1 2 Fizz 4 Buzz Fizz 7 8 Fizz Buzz 11 Fizz 13 14 FizzBuzz 16 17 Fizz 19 Buzz Fizz 22 23 Fizz Buzz 26 Fizz 28 29 FizzBuzz 31 32 Fizz 34 Buzz Fizz 37 38 Fizz Buzz 41 Fizz 43 44 FizzBuzz 46 47 Fizz 49 Buzz Fizz 52 53 Fizz Buzz 56 Fizz 58 59 FizzBuzz 61 62 Fizz 64 Buzz Fizz 67 68 Fizz Buzz 71 Fizz 73 74 FizzBuzz 76 77 Fizz 79 Buzz Fizz 82 83 Fizz Buzz 86 Fizz 88 89 FizzBuzz 91 92 Fizz 94 Buzz Fizz 97 98 Fizz Buzz

3.11 Triangle

Write a function triangle that accepts a positive integer \(N\) and prints a numerical triangle of height \(N-1\). For example, triangle(N=6) should print:

def triangle(N):
    for i in range(1, N):
        print(str(i) * i)

triangle(6)

The solution above works because a multiplying a string by i concatenates i copies of the string.

'Test' + 'Test' + 'Test'

'TestTestTest'

'Test' * 3

'TestTestTest'

3.12 Two Sum

Write a function two_sum that does the following.

Given an array of integers nums and an integer target, return the indices of the two numbers that add up to target.

You may assume that each input would have exactly one solution, and you may not use the same element twice.

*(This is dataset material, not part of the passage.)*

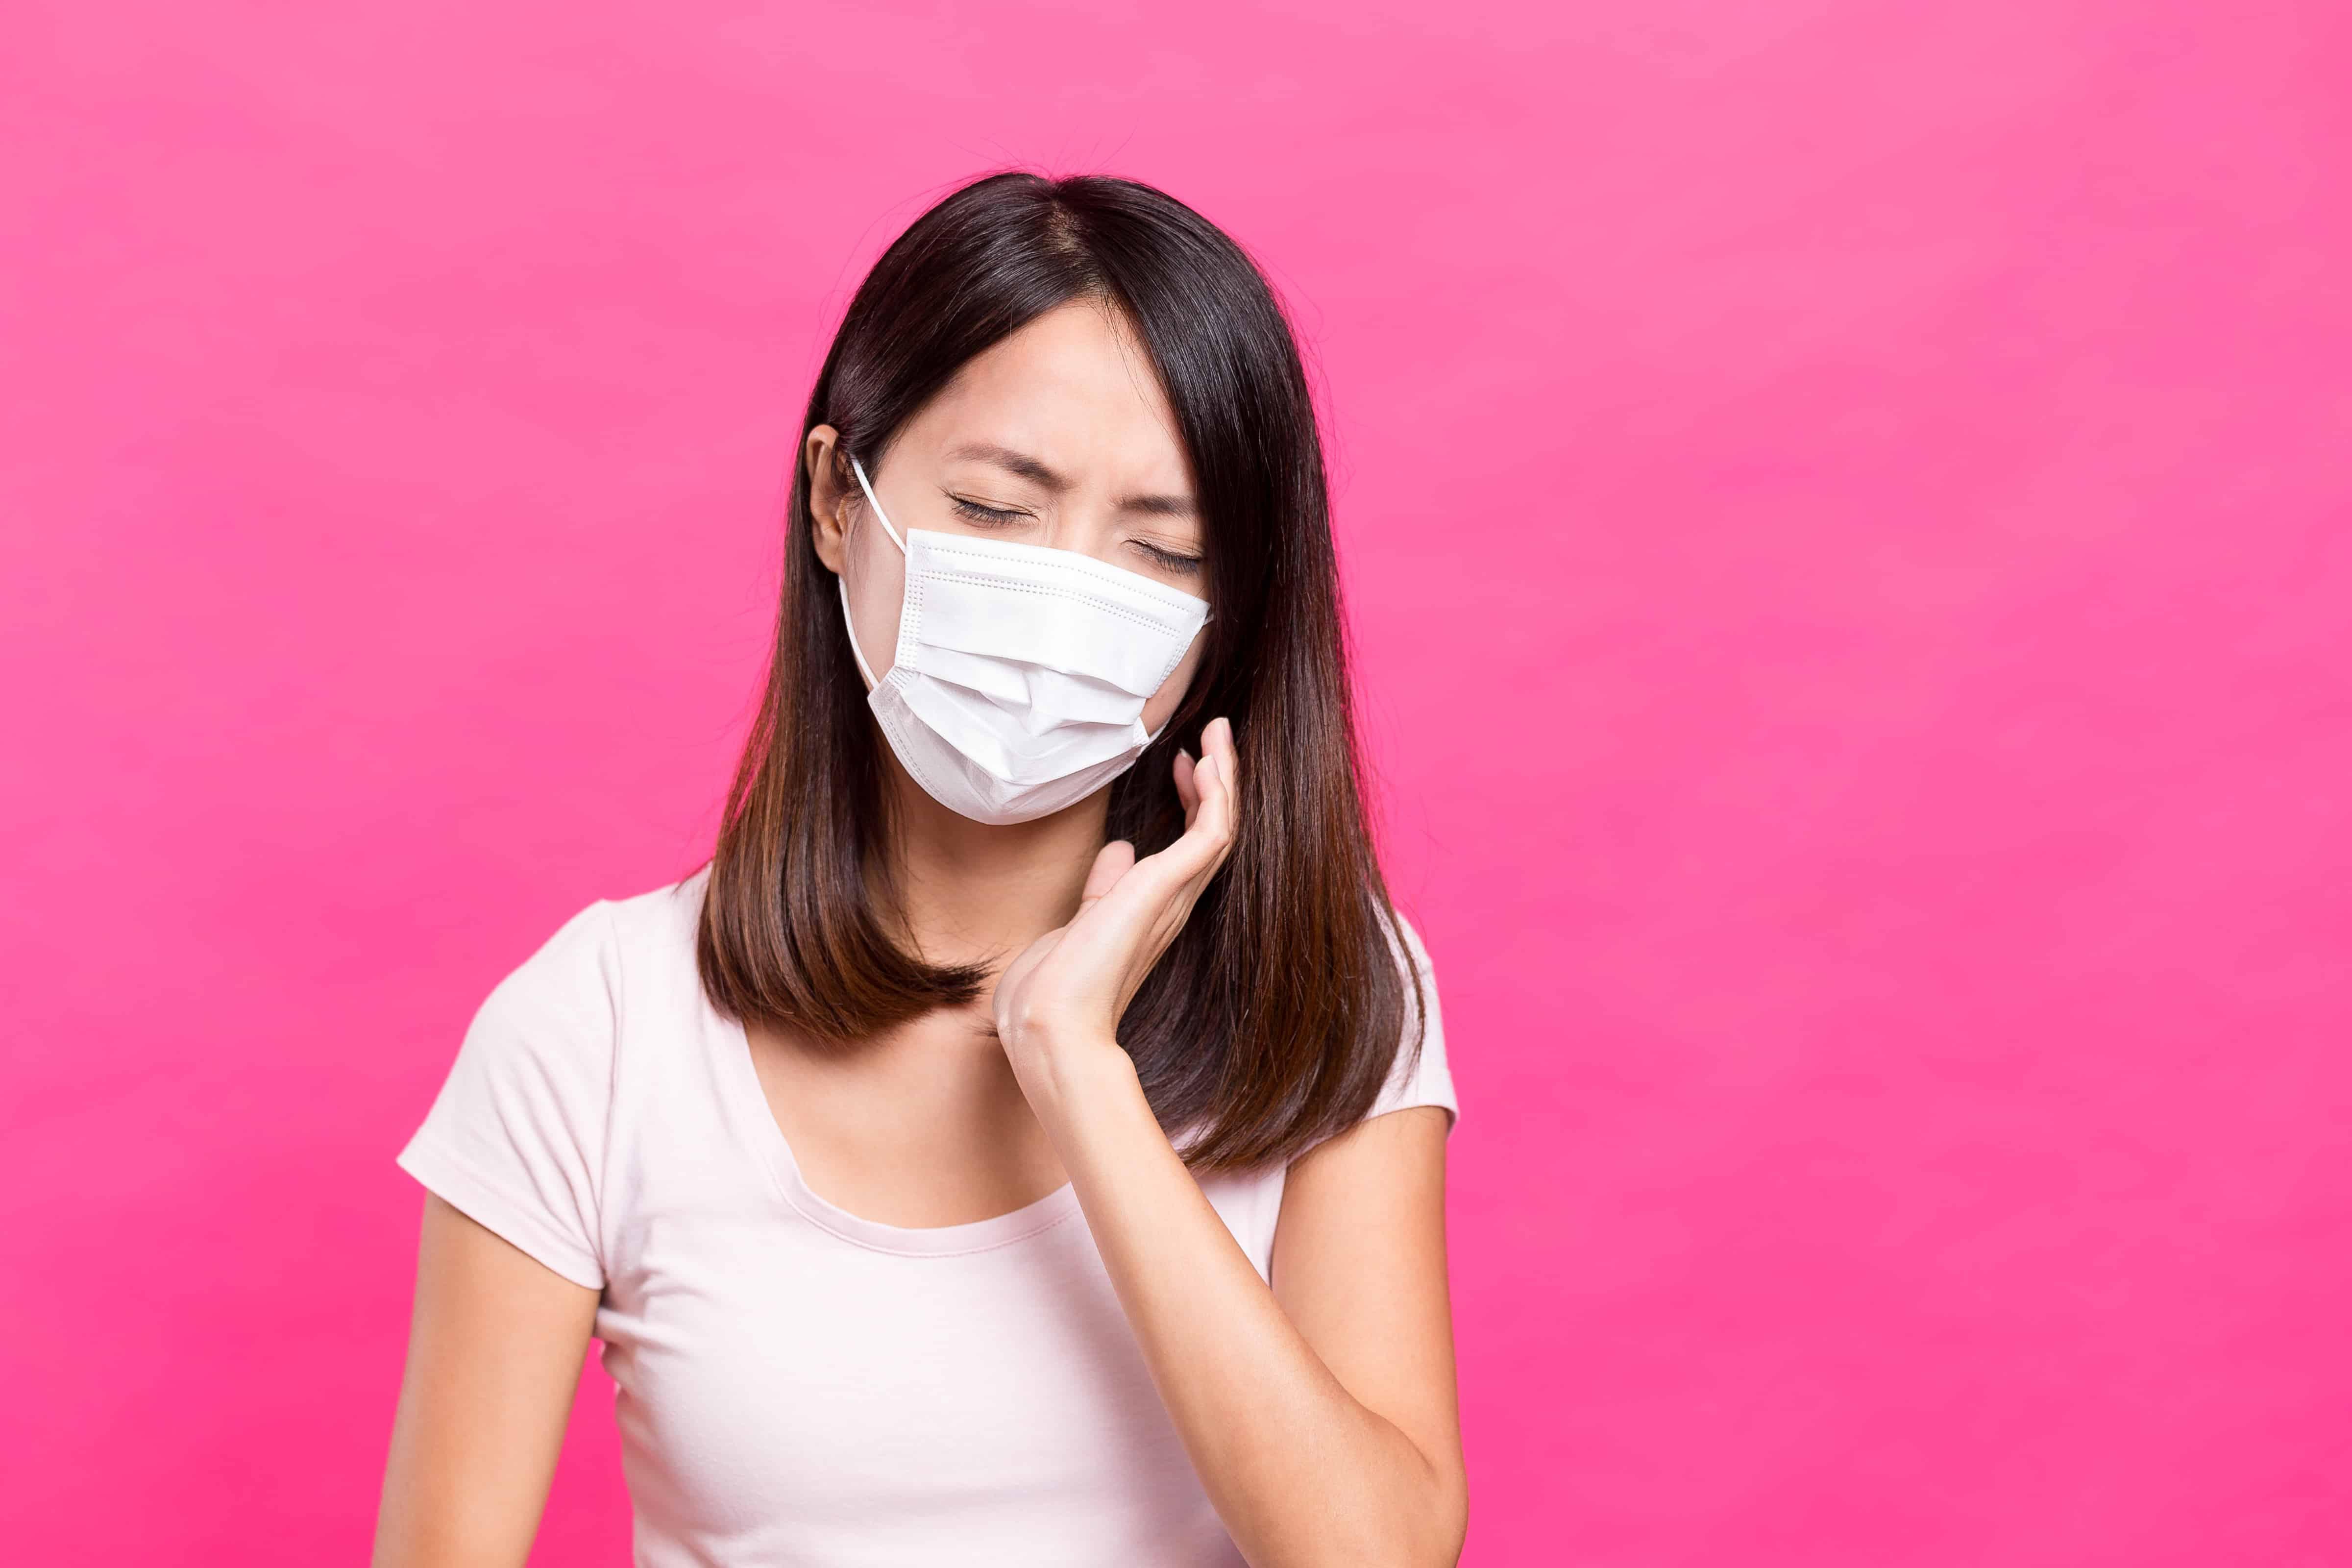 【牙周病、蛀牙】牙痛慘過大病 牙齒問題成因多 世界口腔健康日:好好保護32顆牙齒 0蛀牙
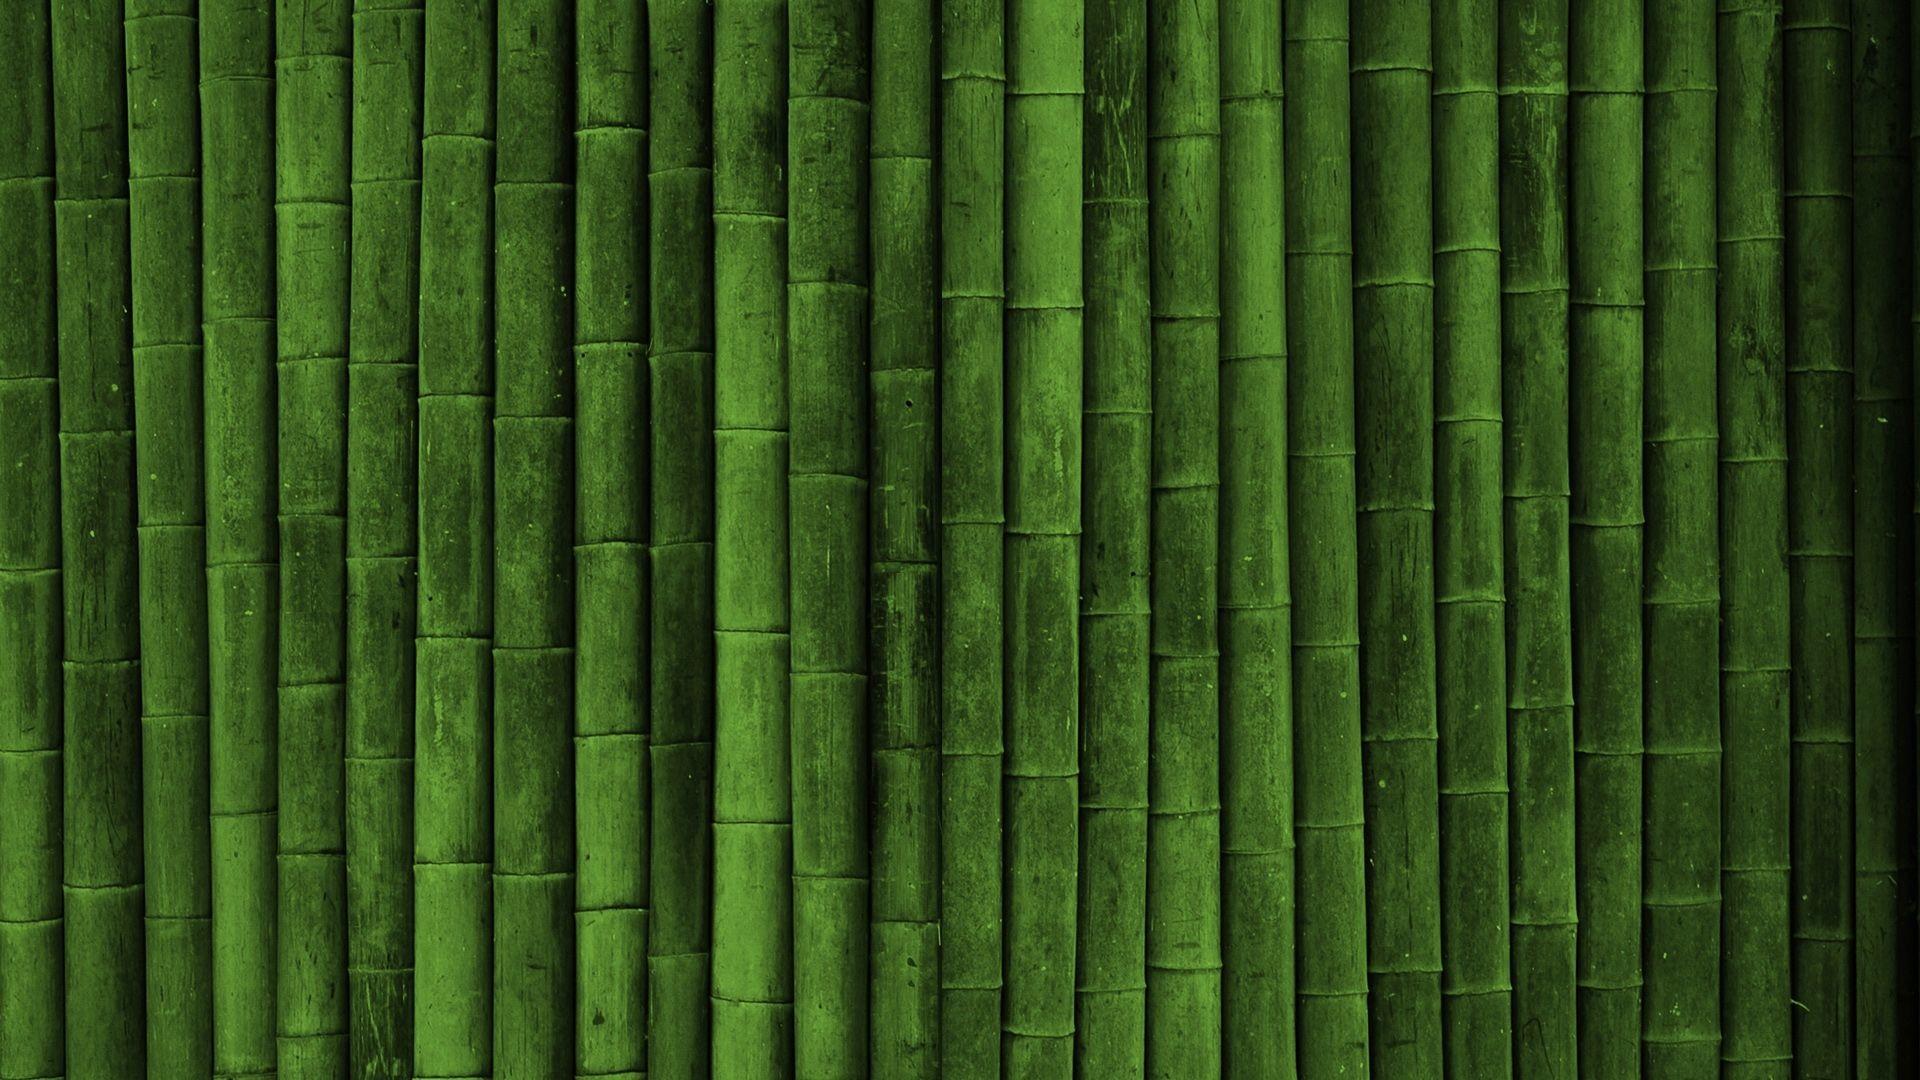 Bamboo Wall HD desktop wallpaper High Definition Fullscreen | HD Wallpapers  | Pinterest | Bamboo wallpaper, Hd wallpaper and Wallpaper

You can return the answer in any order.

Here are some examples:

Example 1:

Input: nums = [2,7,11,15], target = 9
Output: [0,1]
Explanation: Because nums[0] + nums[1] == 9, we return [0, 1].

Example 2:

Input: nums = [3,2,4], target = 6
Output: [1,2]

Example 3:

Input: nums = [3,3], target = 6
Output: [0,1]

I saw this question on LeetCode.

def two_sum(nums, target):
    for i in range(1, len(nums)):
        for j in range(i):
            if nums[i] + nums[j] == target:
                return [j, i]

two_sum(nums = [2,7,11,15], target = 9)

[0, 1]

two_sum(nums = [3,2,4], target = 6)

[1, 2]

two_sum(nums = [3,3], target = 6)

[0, 1]

We can write more efficient code once we learn other data structures in chapter 3 of McKinney!

3.13 Best Time

Write a function best_time that solves the following.

You are given an array prices where prices[i] is the price of a given stock on the \(i^{th}\) day.

You want to maximize your profit by choosing a single day to buy one stock and choosing a different day in the future to sell that stock.

Return the maximum profit you can achieve from this transaction. If you cannot achieve any profit, return 0.